19 thoughts on “Flite+HTS Engine for Flash - An HMM Speech Synthesizer Running Entirely in Adobe Flash”

  1. I think this is awesome. Do you know what the effort would be to get this working in non-english languages as well? Congrats are in place any which way!

  2. Thanks for the comment. The hts_engine component should be pretty easy because it's language independent, and only require changing the embedded resource files to the new voice. The Flite component which performs the text analysis may be more difficult as I think it is hardwired to English.

  3. Thanks so much for sharing this! What an incredible application - I've already started playing with it and can so see many possibilities!

    I do have one quick question -- I've noticed that certain words cause the text to speech engine to render very garbled audio. For example, type the word "with" or "down" into the demo movie on your site. The garbling also happens when you end a sentence with a word like that (i.e. "the system is down" or "let's go with"). I was wondering if you had any thoughts on this. I tried installing another series of language files but that didn't seem to help. Any guidance would be most appreciated!

    Thanks again for everything -- this is truly amazing!

  4. Thanks for the comment.

    One thing that could be causing the garbled audio problems.
    There were some limitations in the sampling rates the Flash player would accept. I used some very crude up-sampling where I just repeat samples in Main.as and there is still a mismatch between the sample rate the engine generates and the Flash player sampling rate. Perhaps this could be causing corruption.

    If you listen the Flash version to the standalone Flite+hts_engine it's possible to here the difference in pitch. Does the standalone Flite+hts_engine sound fine for the same text input?
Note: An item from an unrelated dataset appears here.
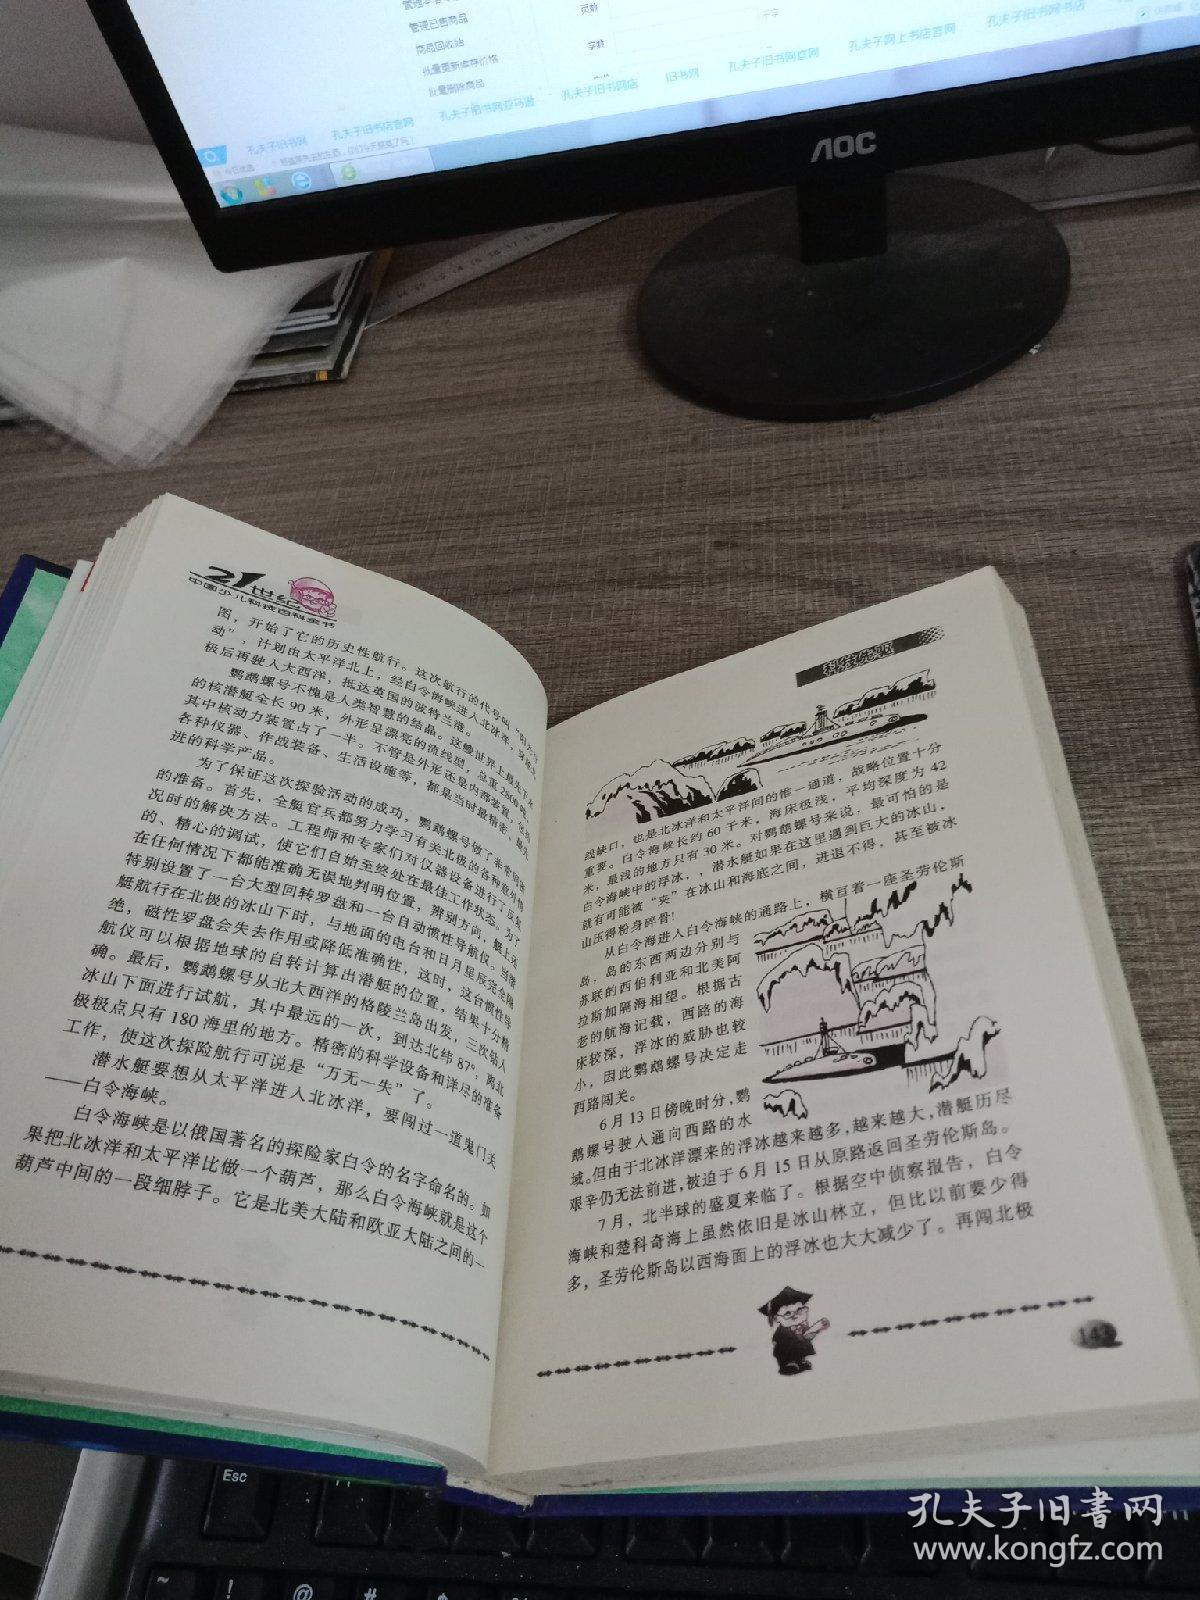 21世纪中国少儿科技百科全书 修订版

  5. Hello, I would like to know how can I use a different voice. I downloaded a spanish voice ("cstr_upc_upm_spanish_hts"), that appears to have nearly the same files as the included one. I embedded them in the application, but I always get an "Alchemy Exit" error, without more information.

    Could you write a short tutorial about how to use other voices?
    That would help a lot.

    By the way, this utility is AMAZING! :O

  6. Chúng tôi chuyên nhận vận chuyển hàng hóa nội địa hiện nay. Chúng tôi xin giới thiệu với bạn các dịch vụ vận chuyển, giao hàng uy tín để phục vụ nhu cầu Tết của quý khách hàng. Cụ thể chúng tôi sẽ cung cấp dịch vụ vận chuyển gửi quà tết. Chúng tôi sẽ giúp bạn vận chuyển hàng hóa đến tay người thân, bạn bè ở xa một cách nhanh chóng nhất. Đảm bảo giá cả hợp lý chất lượng dịch vụ tuyệt vời. Ngoài ra chúng tôi còn cung cấp nhiều dịch vụ khác như dịch vụ ship hàng cod, giao hàng cho shop, dịch vụ chuyển phát nhanh uy tín,... Nếu cần chuyển hàng hãy nhớ liên hệ với chúng tôi nhé.

  7. Đến với dịch vụ thiết kế web giá rẻ tại MAINISAN quý khách sẽ được thiết kế web trọn gói theo yêu cầu, khi tìm trên google website của bạn sẽ là mẫu Thiết kế web chuyên nghiệp giá rẻ, chúng tối chuyên thiết kế website theo mẫu đến khi hoàn thiện.
    Bước đầu thiết kế web tại Blog thiết kế web bạn nên chọn đơn vị thiết kế website có giao diện mobi, hệ quản trị đơn giản dễ sử dụng.Chúng tôi không cạnh tranh về giá chỉ cạnh tranh về chất lượng, tuy nhiên MAINISAN.COM cũng thường xuyên có khuyến mãi giảm giá khi thiết kế web trọn gói để đáp ứng nhu cầu quý khách.

Leave a Reply

Note: only a member of this blog may post a comment.